Basic idea: use a tree structure to organize operators, and then traverse the execution of the entire tree in the middle order, the final output of the root node is the result of the entire query plan.

Each Operator implements the following functions:

  • Next()
    • Return value: a tuple or EOF.
    • Execution process: a loop calls the child node'sNext()function.
  • Open()cap (a poem)Close(): Similar to constructors and destructors.

image-20241118105113714

The output converges from the bottom to the top (Bottom-To-Top) and supports streaming operations, so it is also called Valcano Model, Pipeline Model.

Materialization Model

Basic idea: instead of returning data one at a time, the operator stores all the data and returns it to the parent node at once.

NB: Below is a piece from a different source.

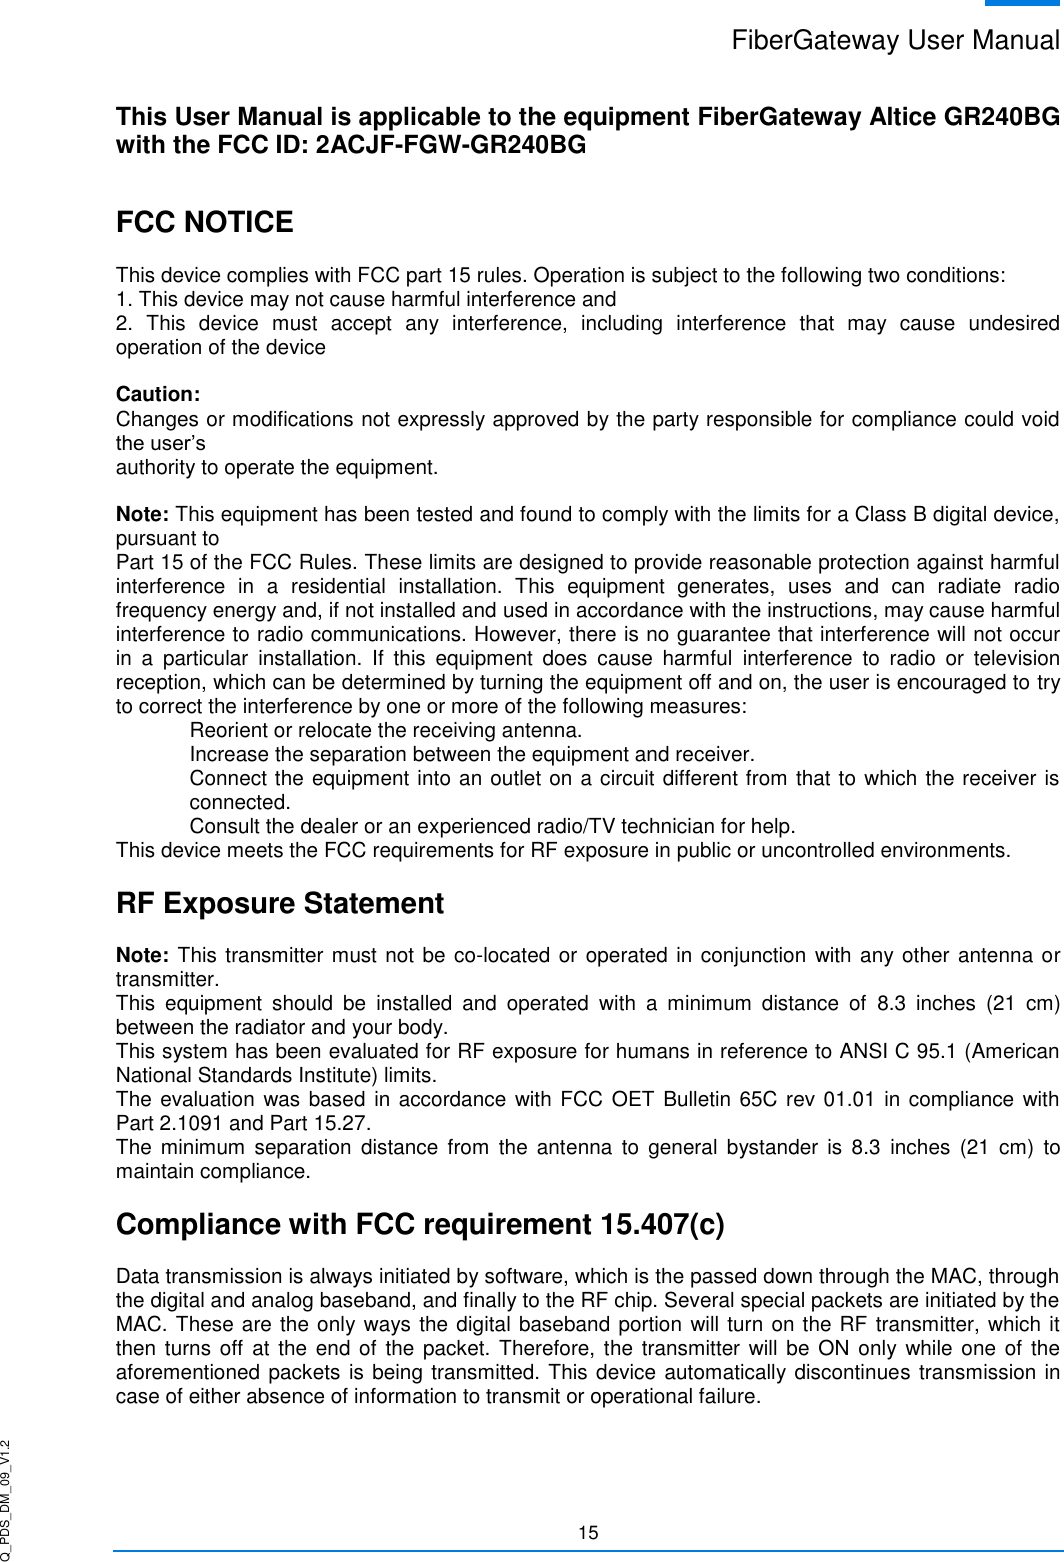 Q_PDS_DM_09_V1.2 FiberGateway User Manual  15   This User Manual is applicable to the equipment FiberGateway Altice GR240BG with the FCC ID: 2ACJF-FGW-GR240BG  FCC NOTICE  This device complies with FCC part 15 rules. Operation is subject to the following two conditions: 1. This device may not cause harmful interference and 2.  This  device  must  accept  any  interference,  including  interference  that  may  cause  undesired operation of the device  Caution: Changes or modifications not expressly approved by the party responsible for compliance could void the user’s authority to operate the equipment.  Note: This equipment has been tested and found to comply with the limits for a Class B digital device, pursuant to  Part 15 of the FCC Rules. These limits are designed to provide reasonable protection against harmful interference  in  a  residential  installation.  This  equipment  generates,  uses  and  can  radiate  radio frequency energy and, if not installed and used in accordance with the instructions, may cause harmful interference to radio communications. However, there is no guarantee that interference will not occur in  a  particular  installation.  If  this  equipment  does  cause  harmful  interference  to  radio  or  television reception, which can be determined by turning the equipment off and on, the user is encouraged to try to correct the interference by one or more of the following measures: Reorient or relocate the receiving antenna. Increase the separation between the equipment and receiver. Connect the equipment into an outlet on a circuit different from that to which the receiver is connected. Consult the dealer or an experienced radio/TV technician for help. This device meets the FCC requirements for RF exposure in public or uncontrolled environments.  RF Exposure Statement  Note: This transmitter must not be co-located or operated in conjunction with any other antenna or transmitter.  This  equipment  should  be  installed  and  operated  with  a  minimum  distance  of  8.3  inches  (21  cm) between the radiator and your body.  This system has been evaluated for RF exposure for humans in reference to ANSI C 95.1 (American National Standards Institute) limits.  The evaluation  was based in accordance with FCC OET Bulletin 65C rev 01.01 in compliance with Part 2.1091 and Part 15.27.  The  minimum  separation  distance  from  the antenna  to  general  bystander  is  8.3  inches  (21  cm)  to maintain compliance.  Compliance with FCC requirement 15.407(c)  Data transmission is always initiated by software, which is the passed down through the MAC, through the digital and analog baseband, and finally to the RF chip. Several special packets are initiated by the MAC. These are the only ways the digital baseband portion will turn on the RF transmitter, which it then turns  off at the  end of the  packet.  Therefore,  the transmitter will be  ON only while  one of  the aforementioned packets is being transmitted. This device automatically discontinues transmission in case of either absence of information to transmit or operational failure.

Compared to Iterator Model, it reduces the function call overhead, but the intermediate results may have to be stored temporarily on disk, and the IO overhead is large.

image-20241118105733041

It is possible to pass some hints down the line, such asLimit, to avoid scanning too much data.

More applicable to OLTP than OLAP.

Vectoriazation Model

Basic idea: the operator returns a batch of data.

Combines the advantages of Iterator Model and Materialization Model to reduce function calls without intermediate results being too large.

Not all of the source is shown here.